Yeah, that's helpful. Thank you.
And Carl, could you give your view on the outcome? Sure. Happy to. Good morning. So, obviously, I can't predict what the FDA will do. I can say that we have risk mitigated this program tremendously. All of our primary and secondary endpoints have been met for all of our studies, whether it's our pivotal, our self-administration, our temperature pH, and most recently, the oral anisome symptom intervention study, the OASIS study. We're certainly considering the possibility, and we'll be prepared should this become an avenue that FDA pursues. But right now, we don't have insight into the FDA's thinking.
I appreciate all the color. Thanks, everyone.
Thank you. Our next question comes from Francois Rizwa with Oppenheimer. You may proceed.
Hey, thanks for the question. So I was just wondering, you touched on the allergen test and the study, and I was just trying to figure out the importance of efficacy here based on this study, just in terms of real-world adoption with doctors, and just maybe a little more, if you could push on the potential importance here of treating at the site to see benefit. Is this something that can help in the real world just because, you know, like a lot of launches, docs will kind of wait and see sometimes how things work. And I was just wondering if the OAS study is something that should really create some buzz with the medical community. Thank you.
Yeah. Good morning, Frank. And I'll pass it over to Carl in a second to walk through your full question. But I have to tell you, from my perspective, we're incredibly excited to have this data. We think this is a differentiator. As far as we're aware, we're the only ones with data like this. And we absolutely, from the recent interactions at several conferences with physicians, think they're paying attention. But with that, I'll let Carl answer your specific questions.

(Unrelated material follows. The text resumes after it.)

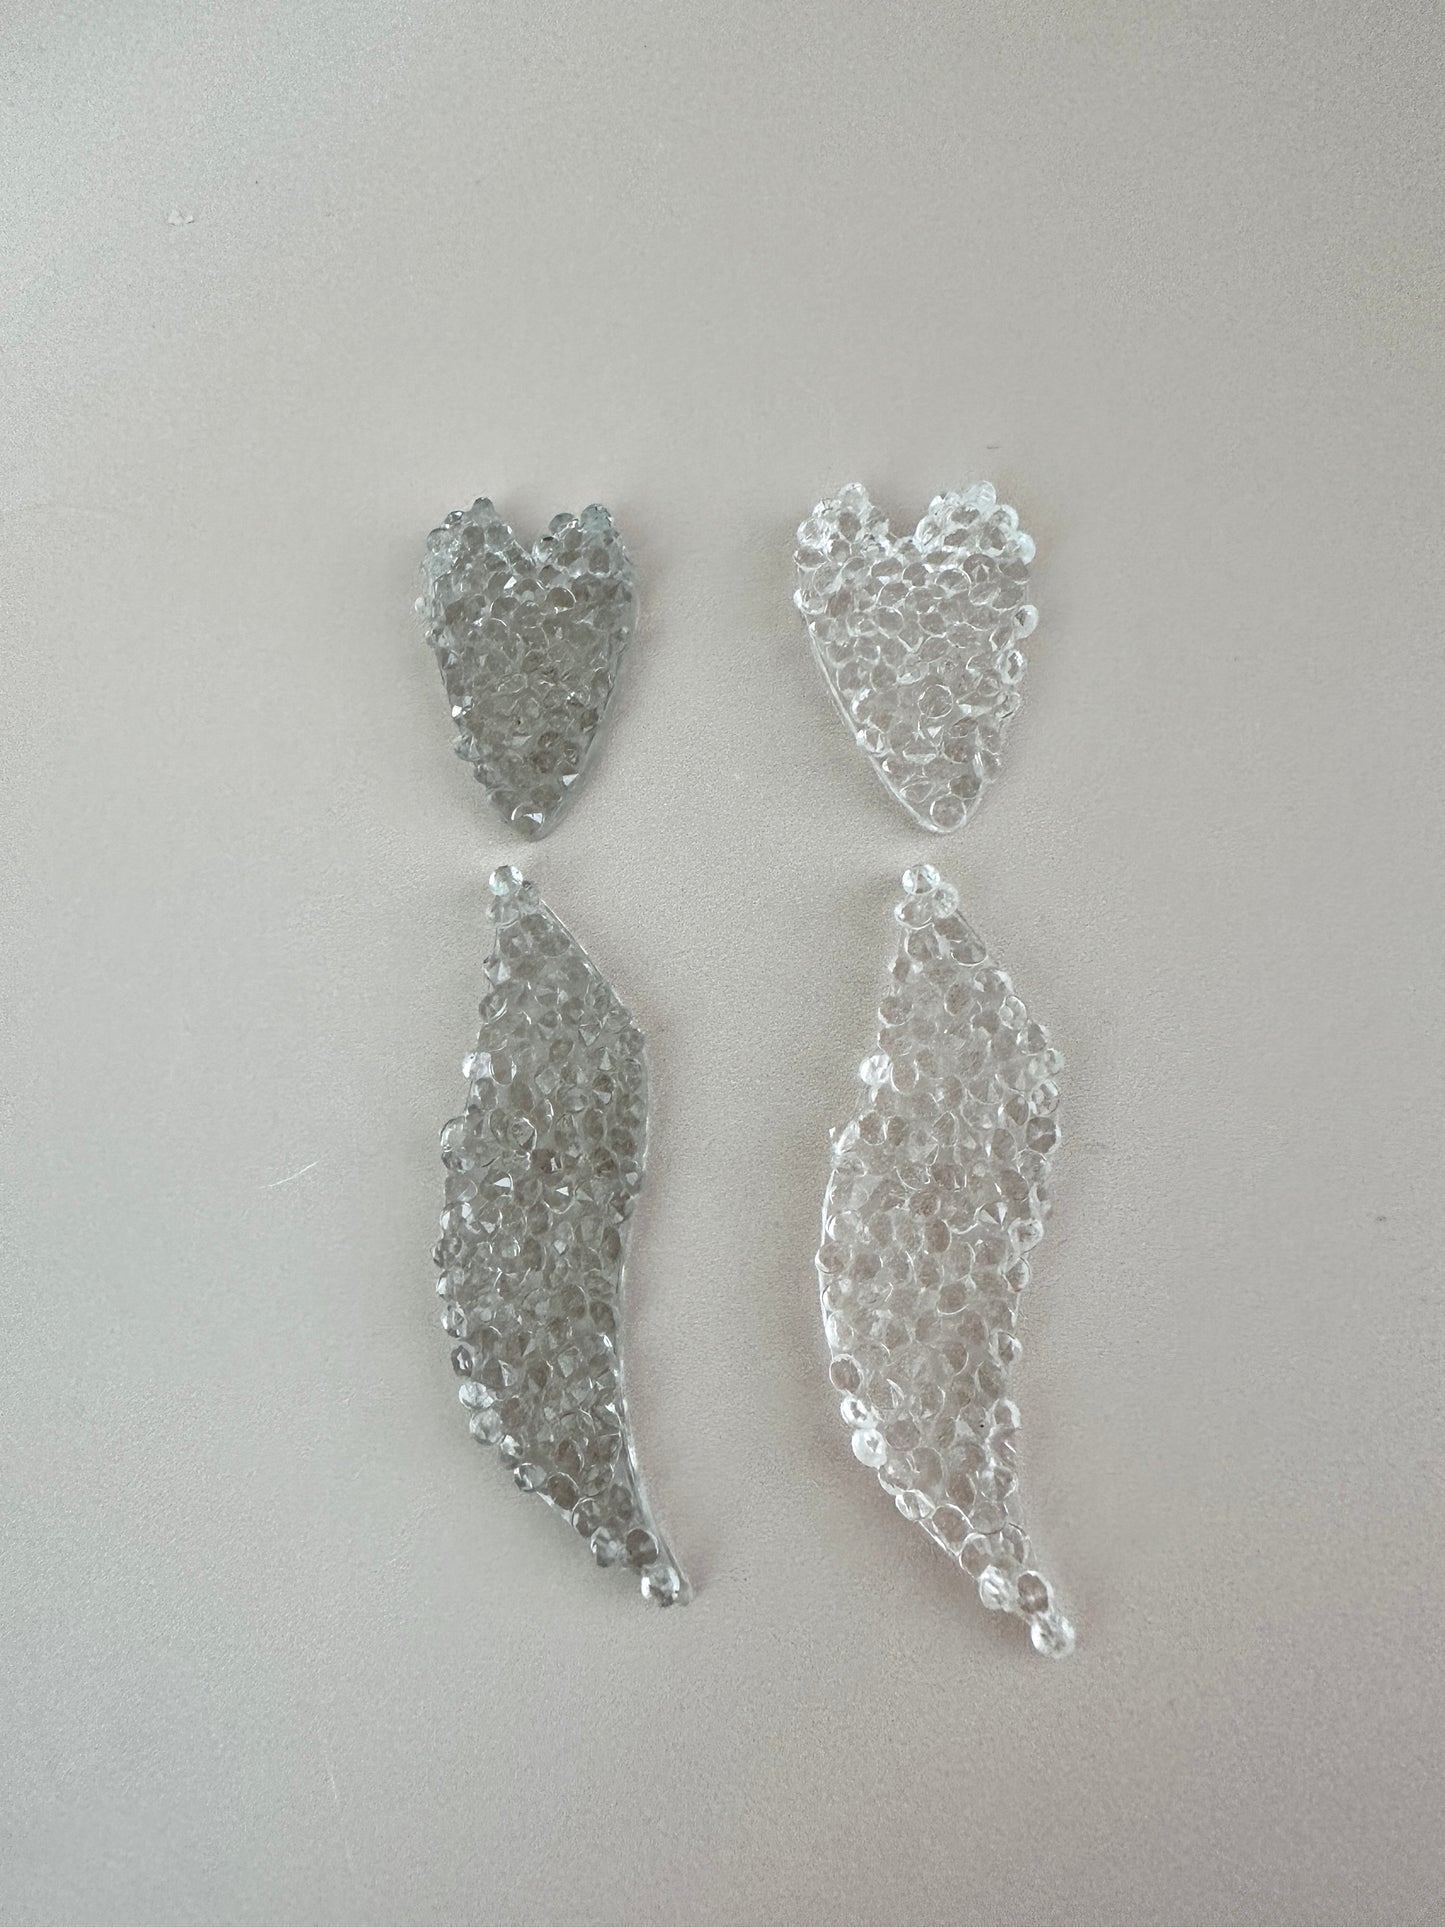 Silikonform Kristallformen in Form von Blättern und Herzen zur Herstellung von Schmuck, Schlüsselanhängern und Anhängern

Yeah, no, that's a good question. And I can tell you, both anecdotally and meeting with a number of KOLs, there was widespread support that these data do indicate delivery of epinephrine into the oral cavity probably does hold promise when you think about interrupting the anaphylactic cycle or certainly localized reactions in the oral cavity. I hadn't realized it, but many allergists actually use direct spraying of epinephrine into the back of the oral cavity when these symptoms do arise as a way of trying to get more drugs at the site of reaction. Also worth noting that we do have, for the first time, an oral physiologic change model that hadn't been developed before, and those changes did not impact anafilm absorption, as Dan said earlier, and we certainly shrank time to symptom resolution. All of those, in my mind, certainly underscore the fact that we now have a potentially predictive model that one could use and think about when it comes to evaluating anaphylaxis, so useful for many different regards.
I was just going to say, we just released these results, I don't know, less than 10, maybe about 10 days ago, and we didn't have the opportunity to hold a conference at that time with this community. So, we really appreciate you bringing this up because this is a big major point for our program. But anyway, you were going to ask an additional question, I think.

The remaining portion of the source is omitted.